# [Exercise instructions]
The listing below is to be copied exactly, with pictures excluded.

# [Dataset excerpt]

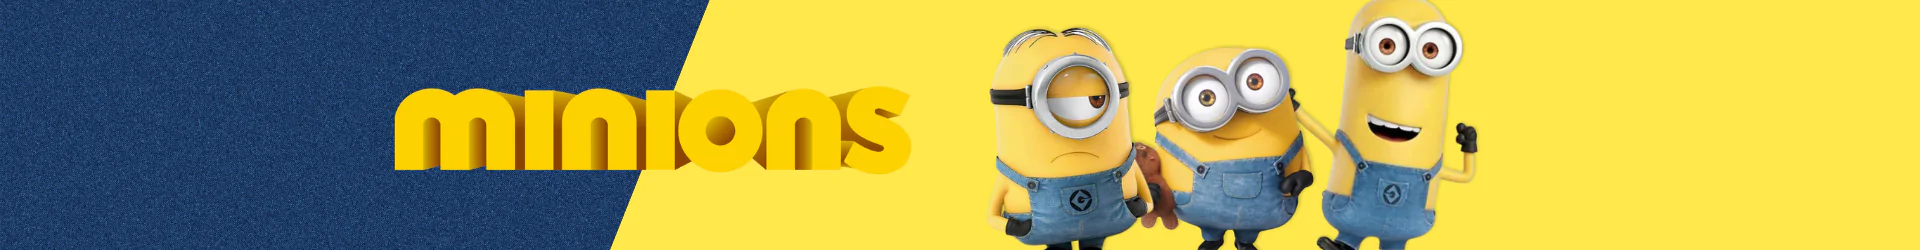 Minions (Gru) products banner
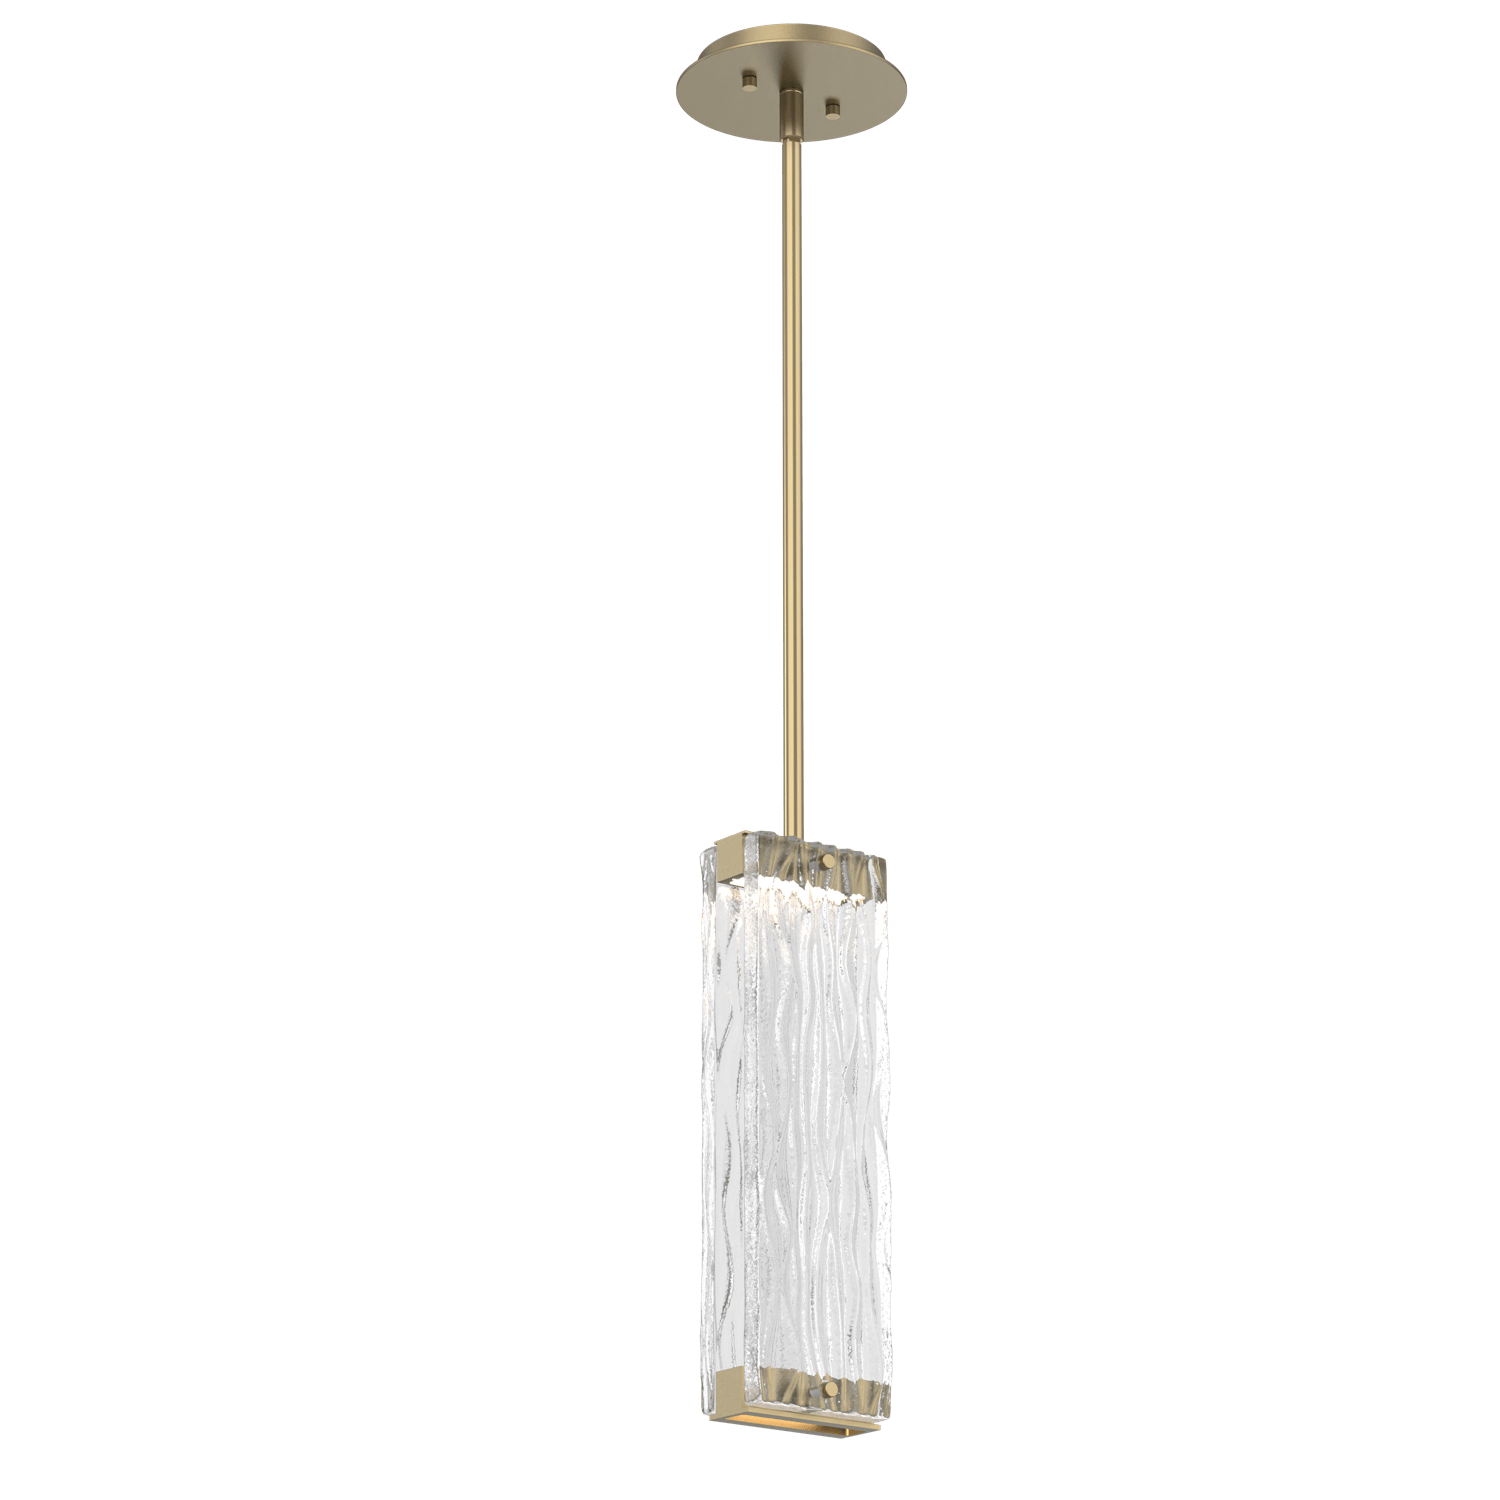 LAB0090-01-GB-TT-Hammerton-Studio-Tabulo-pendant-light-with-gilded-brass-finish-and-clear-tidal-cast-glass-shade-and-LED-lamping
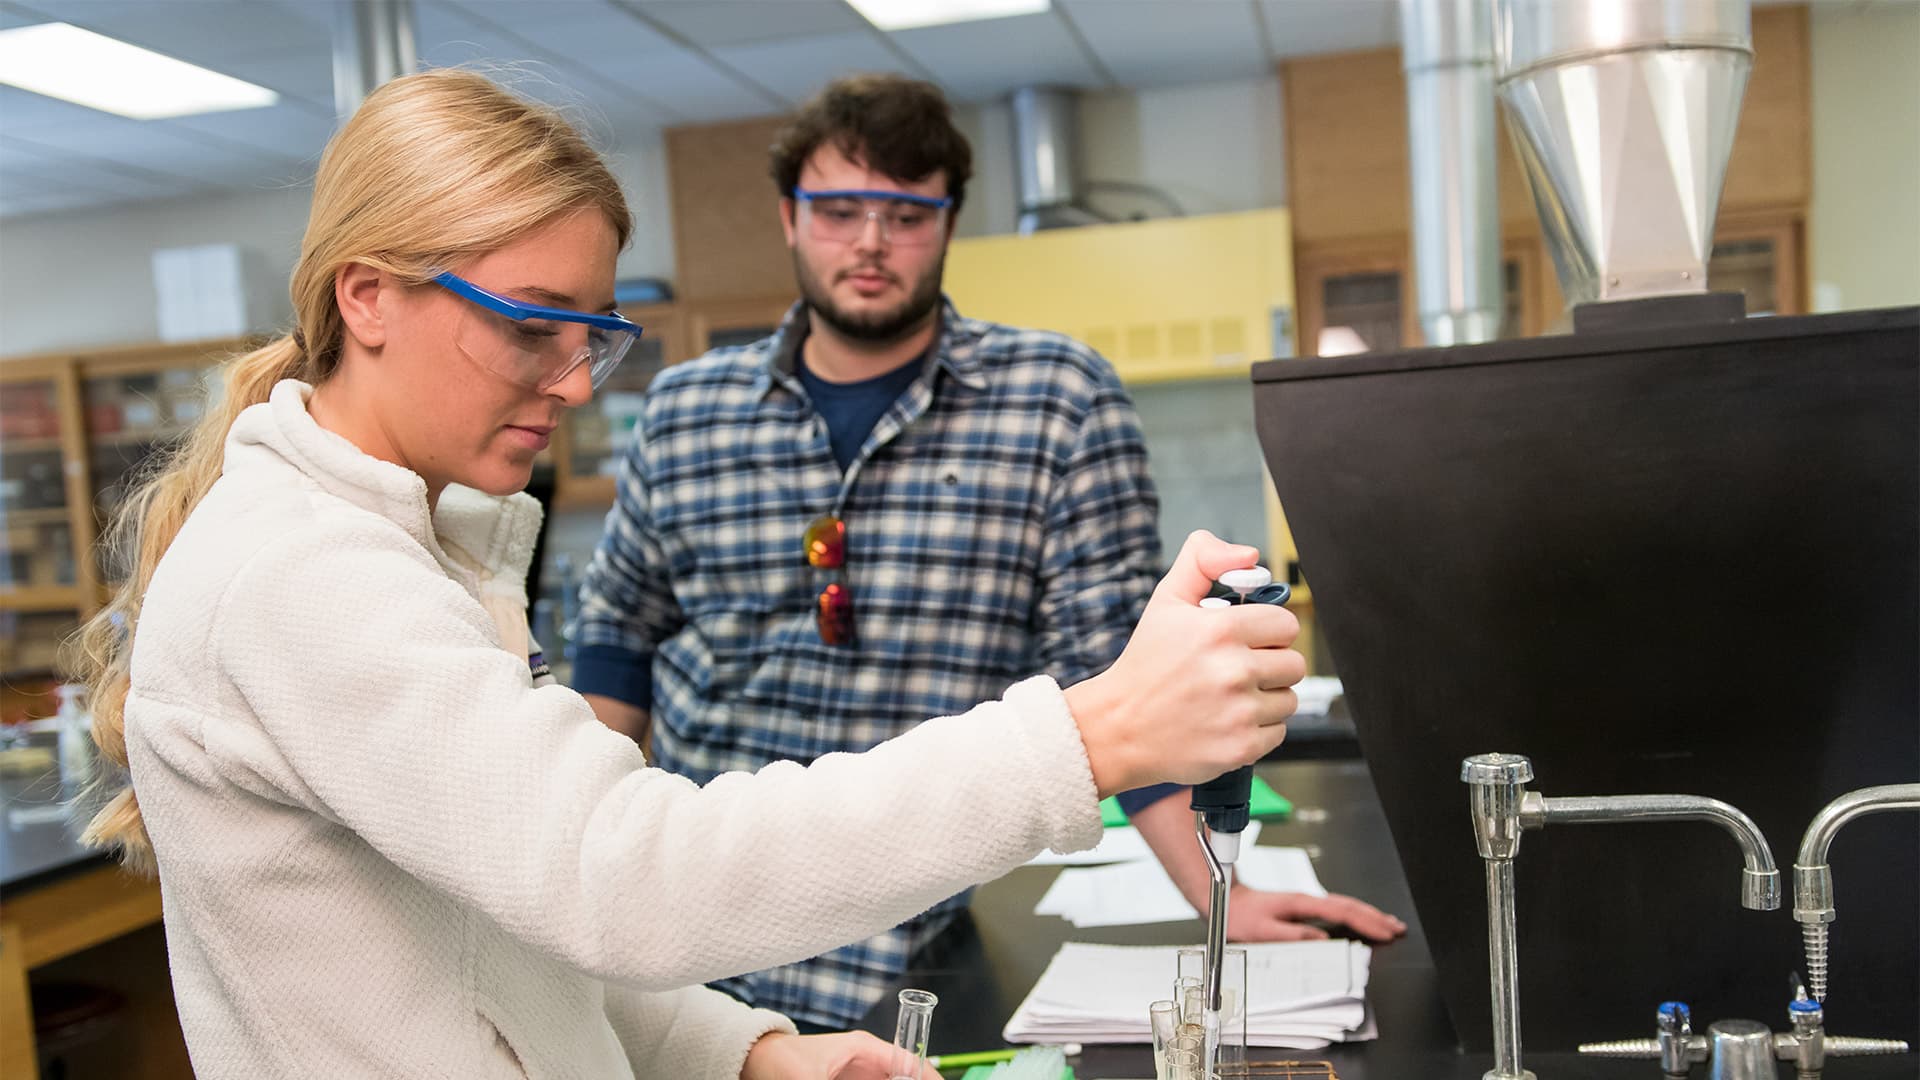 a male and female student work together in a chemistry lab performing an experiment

# [Task response]
 Minions (Gru) products banner
 LAB0090-01-GB-TT-Hammerton-Studio-Tabulo-pendant-light-with-gilded-brass-finish-and-clear-tidal-cast-glass-shade-and-LED-lamping
 a male and female student work together in a chemistry lab performing an experiment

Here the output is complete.